- Poster for original Broadway production
- Original language: English
- Written by: John Osborne and Anthony Creighton
- Setting: The Elliot family home, just outside London. The present.

Premiere
- Date: 1957
- Place: Oxford Experimental Theatre, Oxford University

= Epitaph for George Dillon =

Epitaph for George Dillon is an early John Osborne play, one of two he wrote in collaboration with Anthony Creighton (the other is Personal Enemy). It was written before Look Back in Anger, the play which made Osborne's career, but opened a year after at Oxford Experimental Theatre in 1957, and was then produced at London's Royal Court theatre, where Look Back in Anger had debuted. It transferred to New York City shortly afterwards and garnered three Tony Award nominations.

==Themes==
The play tells the story of Kate Elliot's unhappy suburban South London family and the domestic havoc wrought when she decides to adopt George Dillon as a surrogate son.

It tackles typical Osborne themes, including religion (and Osborne's hatred thereof), vegetarianism, the casual deception of everyday life and scorn of the theatre. In common with Jimmy Porter in Look Back in Anger, George Dillon is an intelligent man unable to find his place in the world.

==London==
It opened professionally at the Royal Court Theatre on 11 February 1958, in a production by William Gaskill, with the following cast (in order of appearance):
- Wendy Craig ... Josie Elliot
- Yvonne Mitchell ... Ruth Gray
- Alison Leggatt ... Mrs.

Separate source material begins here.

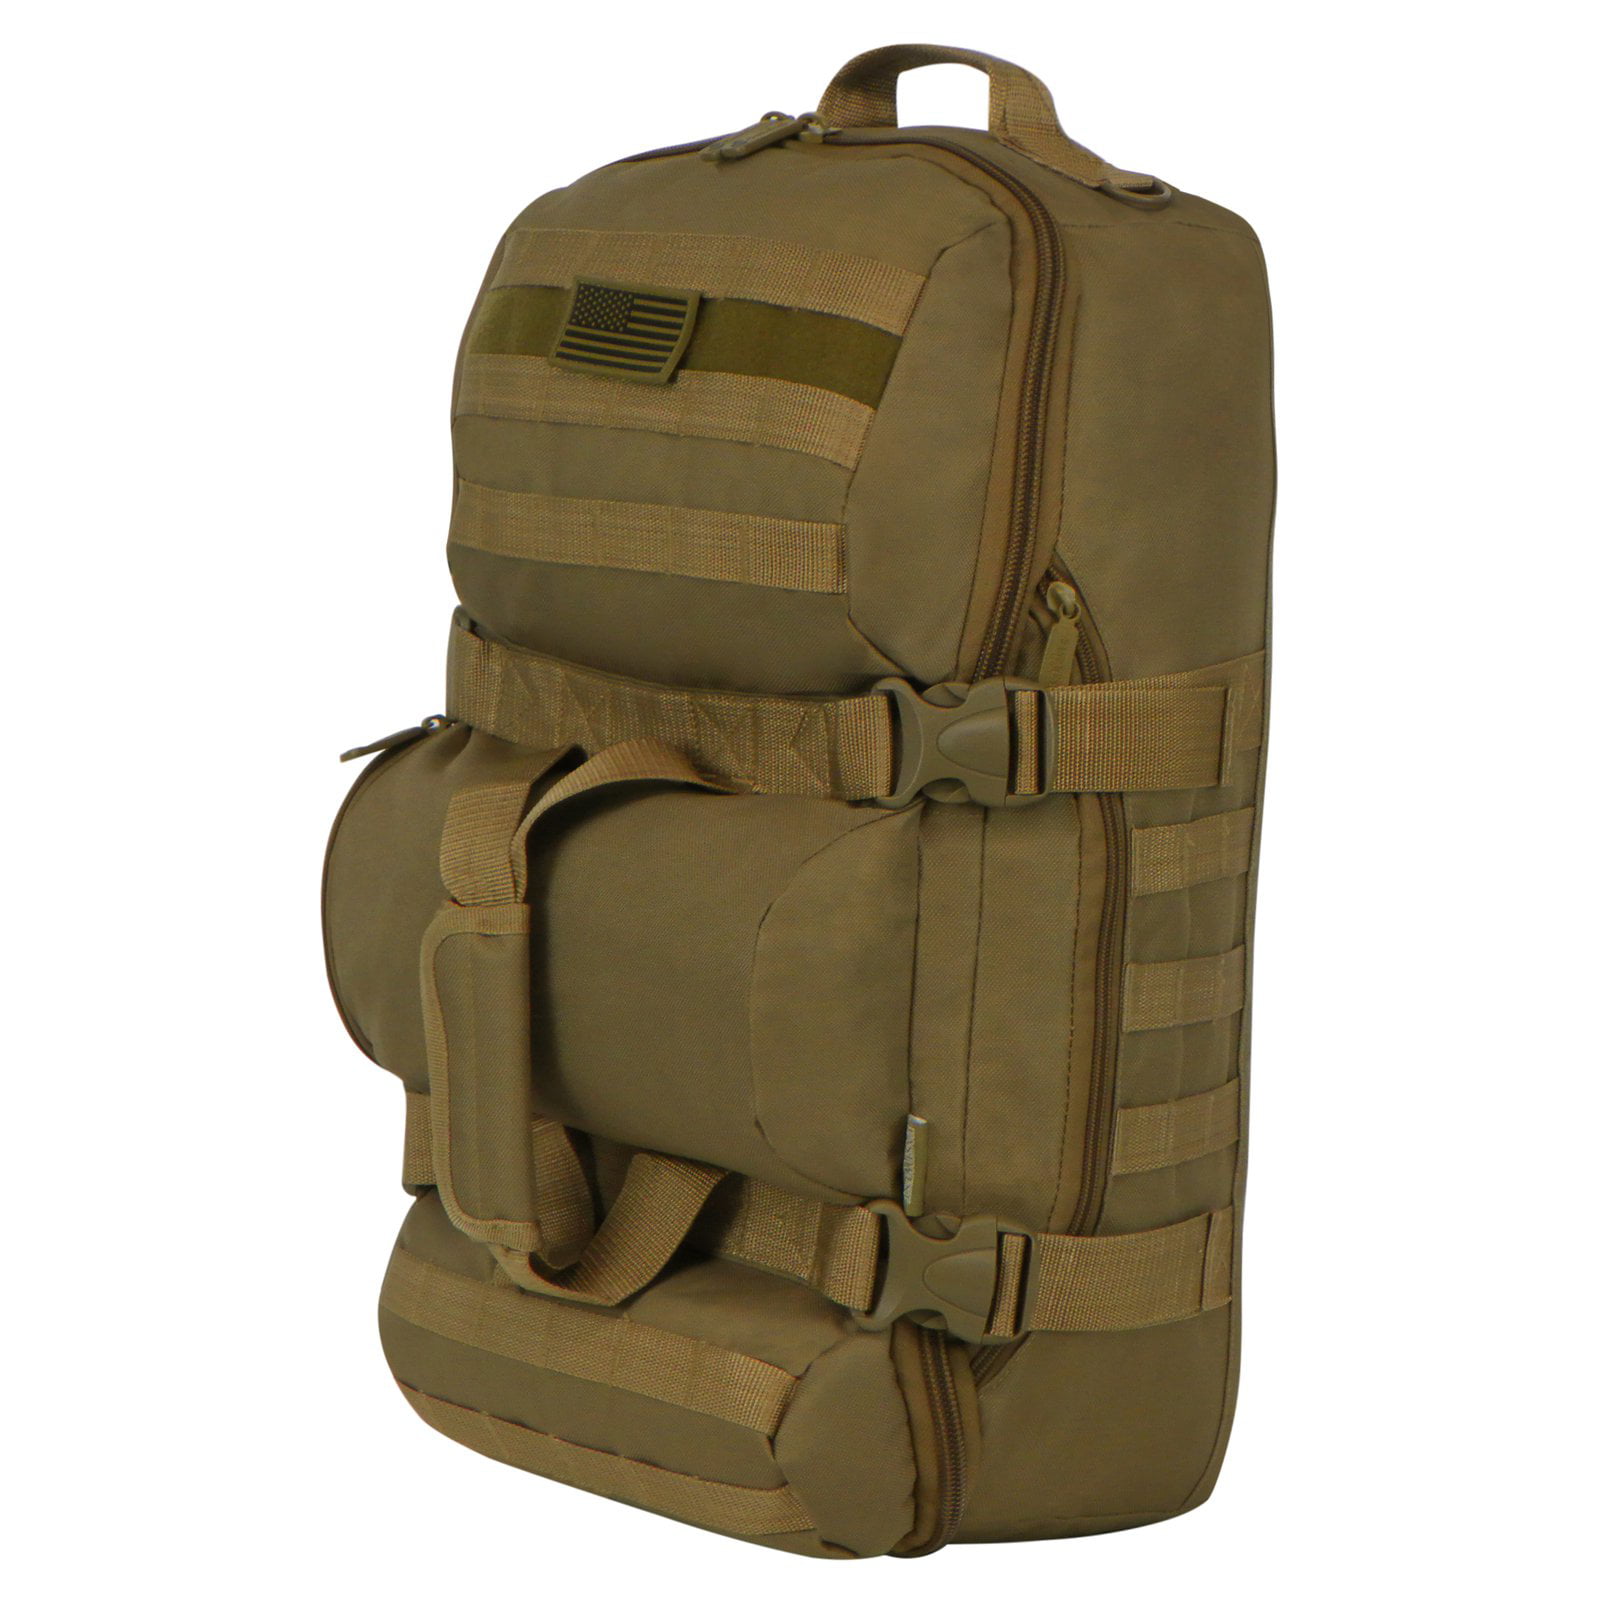 EastWest USA Tactical Over Shoulder MOLLE Attachable Military GO BAG OD GREEN

Elliot
- Avril Elgar ... Norah Elliot
- Toke Townley ... Percy Elliot
- Robert Stephens ... George Dillon
- Philip Locke ... Geoffrey Colwyn-Stuart
- Paul Bailey ... Mr Webb
- Nigel Davenport ... Barney Evans

- Critical reception
In The Observer, Kenneth Tynan called it "Powerful, honest and transfixing"; while in The Sunday Times, Harold Hobson wrote that the play "absorbs and fascinates because it is that rarest of theatrical phenomena, a realistic modern drama which is not bourgeois in its underlying assumptions. It is like a familiar building caught at an angle which suddenly makes it look like something never seen before."

==Broadway==
It made its debut on Broadway on 4 November 1958 starring Wendy Craig but was a failure and closed on 22 November 1958 after just 23 performances. Another version by new management and separately-financed opened during the same season on 12 January 1959, again starring Craig but was also a commercial failure playing for 48 performances, and closing on 21 February 1959. The first version received three Tony Award nominations - Best play; best direction (William Gaskill) and best actor (Robert Stephens).
- Original Broadway cast
- Wendy Craig ... Josie Elliot
- Felix Deebank ... Barney Evans
- Avril Elgar ... Norah Elliot
- Frank Finlay ... Percy Elliot
- Eileen Herlie ... Ruth Gray
- Alison Leggatt ... Mrs. Elliot
- Robert Stephens ... George Dillon
- James Valentine... Geoffrey Colwyn-Stuart
- David Vaughan ... Mr Webb

== 2005 London revival==
A successful West End revival of the play ran at the Comedy Theatre from 27 September 2005 until 14 January 2006, directed by Peter Gill and starring Joseph Fiennes, Francesca Annis and Anne Reid.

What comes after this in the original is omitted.